If $2^x=0$, find $x$.
Solution 1:
Yes. You are right, there is no $x \in \mathbb{R}$ such that $2^x = 0$. However, note that $$\lim_{x \to -\infty} 2^x = 0$$ However, on the extended real line, i.e., $\mathbb{R} \cup \{-\infty\} \cup \{\infty\}$, there exists a solution, since one of the ways of defining "$2^{-\infty}$" on the extended real line is to define "$2^{-\infty}$" as the limit of $\lim_{x \to -\infty} 2^x$, which is $0$.
Solution 2:
Let $x$ be a real number $x>0$, and consider $w=2^x$ and $z=2^{-x}$. Then $wz=1$. But then neither of them can be $0$, since in either case we would reach the absurdity that $0=1$. Thus, by symmetry, and since $2^0=1$, we see that $2^x\neq 0$ for each $x\in \Bbb R$, that is, $2^x=0$ is unsolvable in $\Bbb R$. The very same proof applies when $z\in\Bbb C$.
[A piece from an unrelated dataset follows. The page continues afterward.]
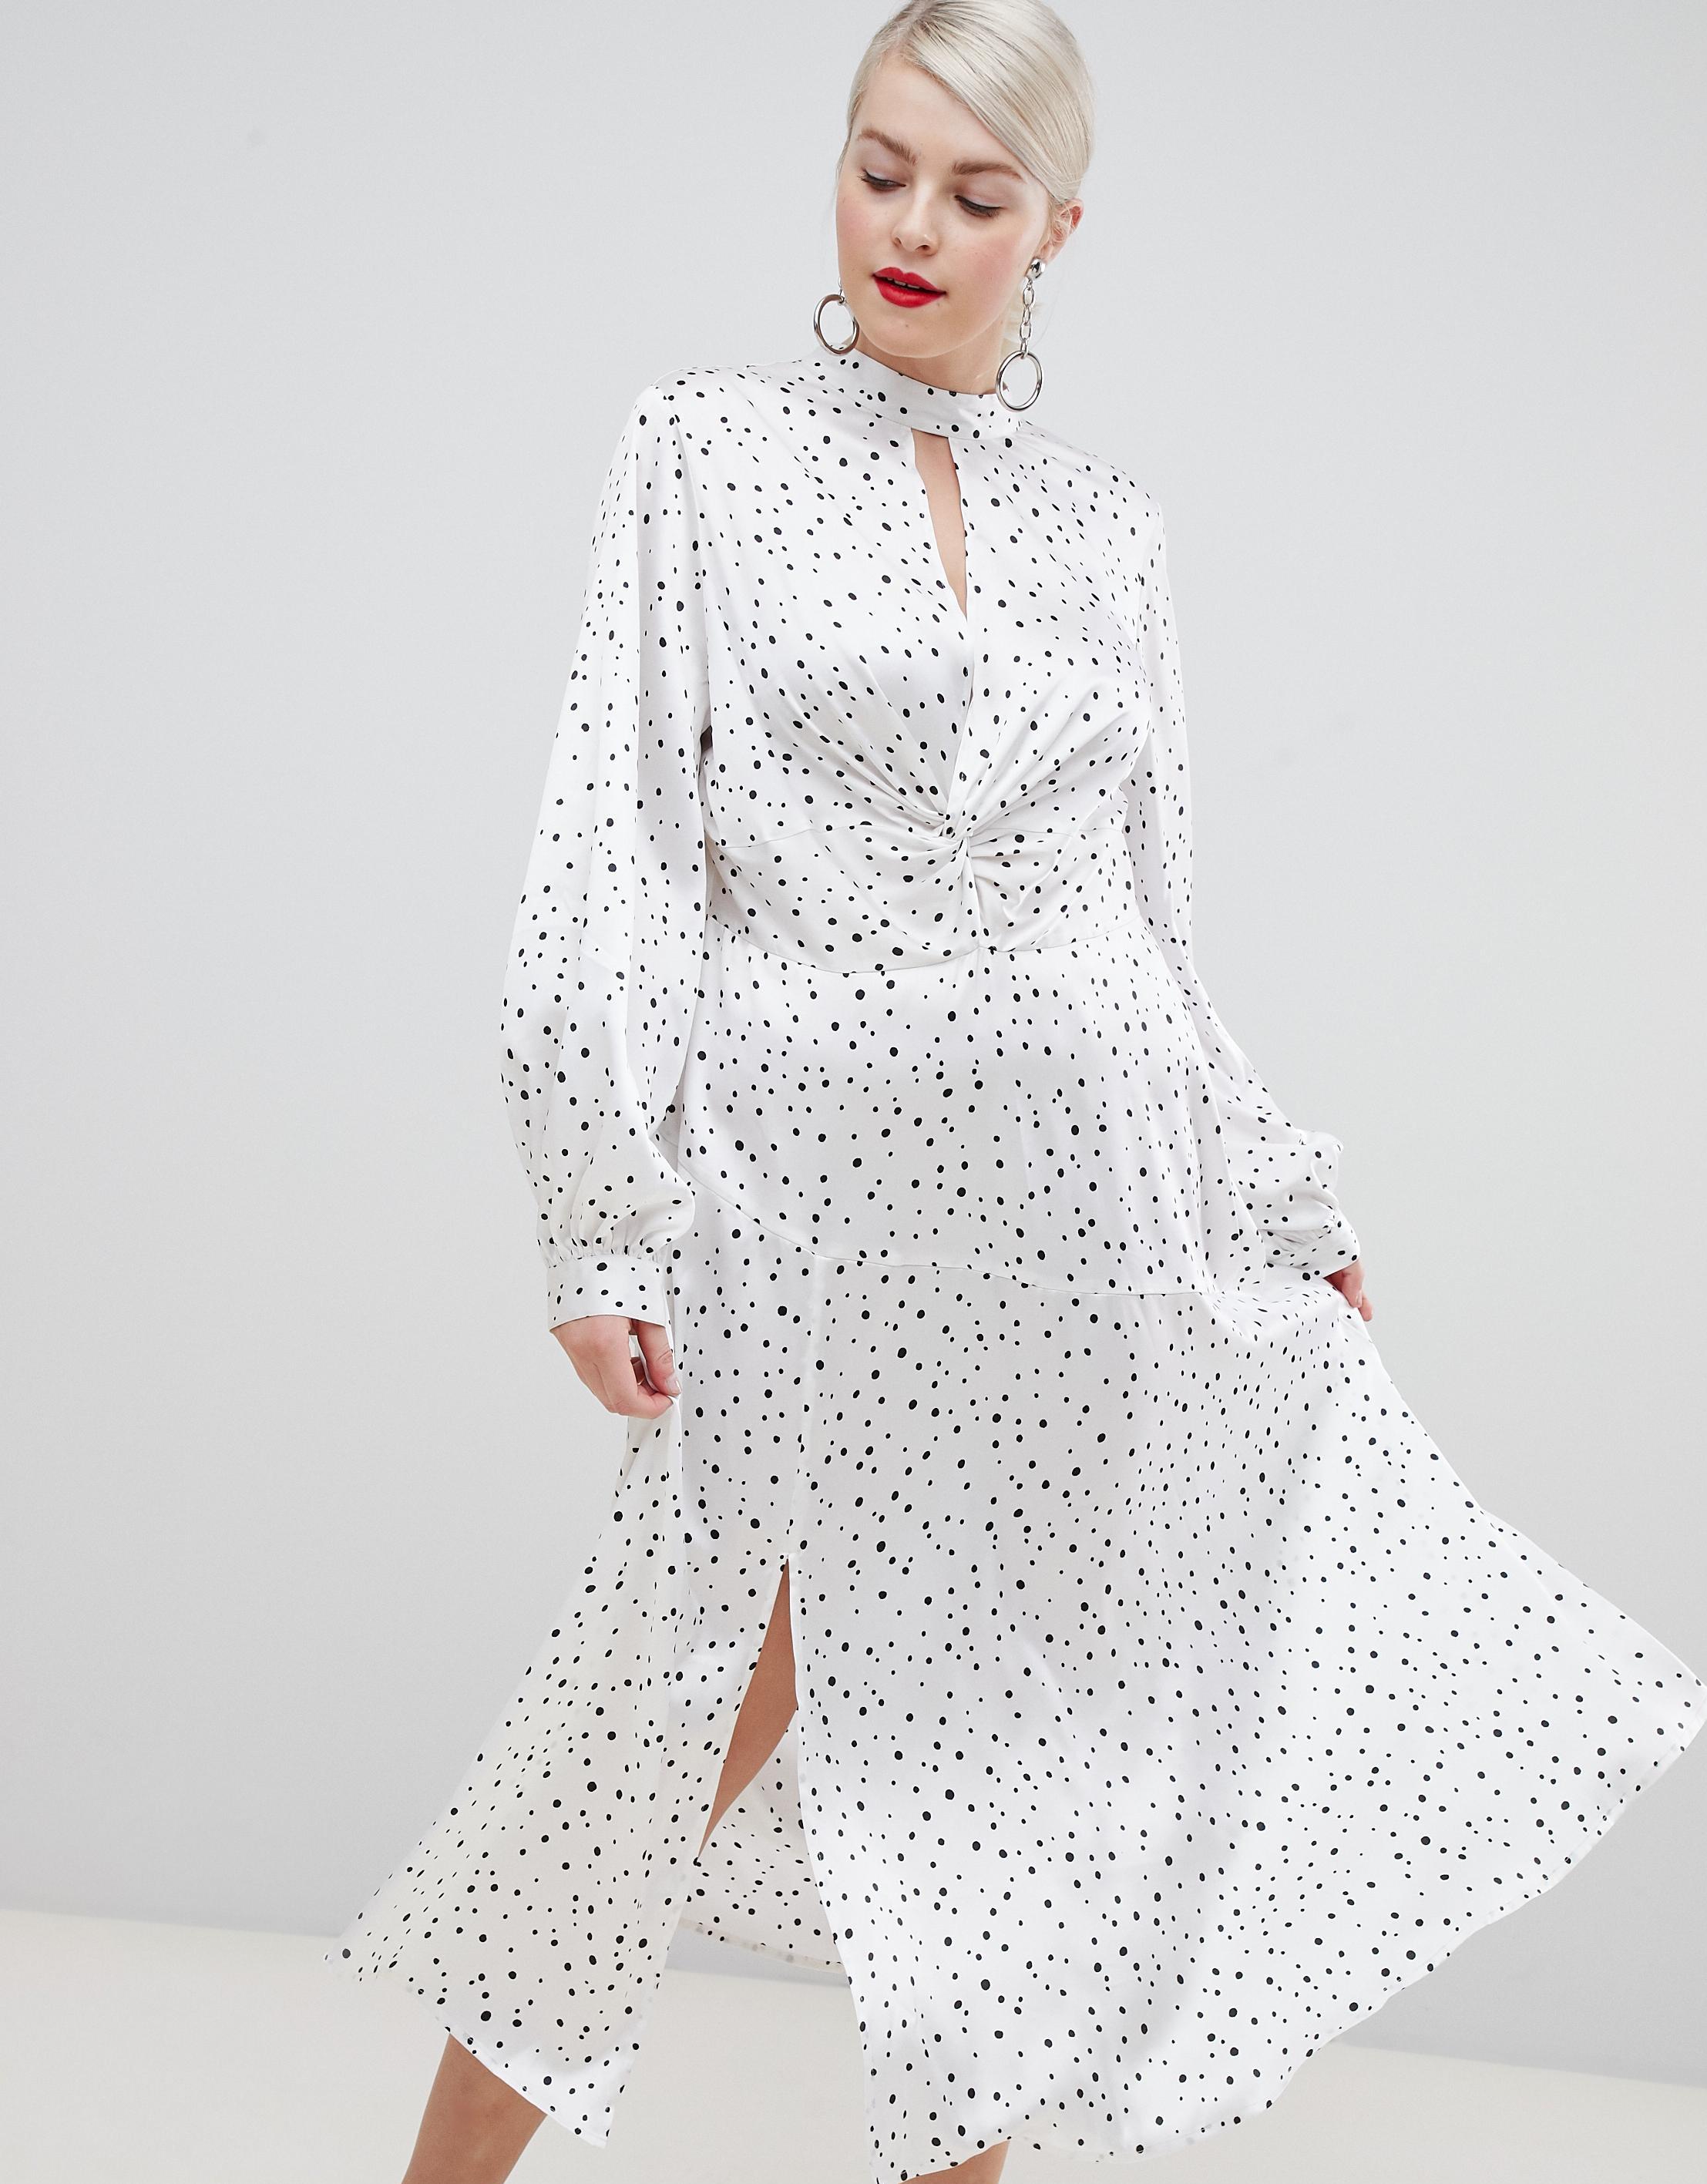 2474fde5ff290 Black Friday Sales 2018 Clothing   Womens Fashion Deals

The fact that "the range of the function $2^x$ is $(0,+\infty)$" is true because of the above, and not conversely. It is true we may define $2^x=0$ when $x=-\infty$ to extend $2^x$ continuously to $\Bbb R^*=\Bbb R\cup\{-\infty,+\infty\}$, but there is not much more to it than that.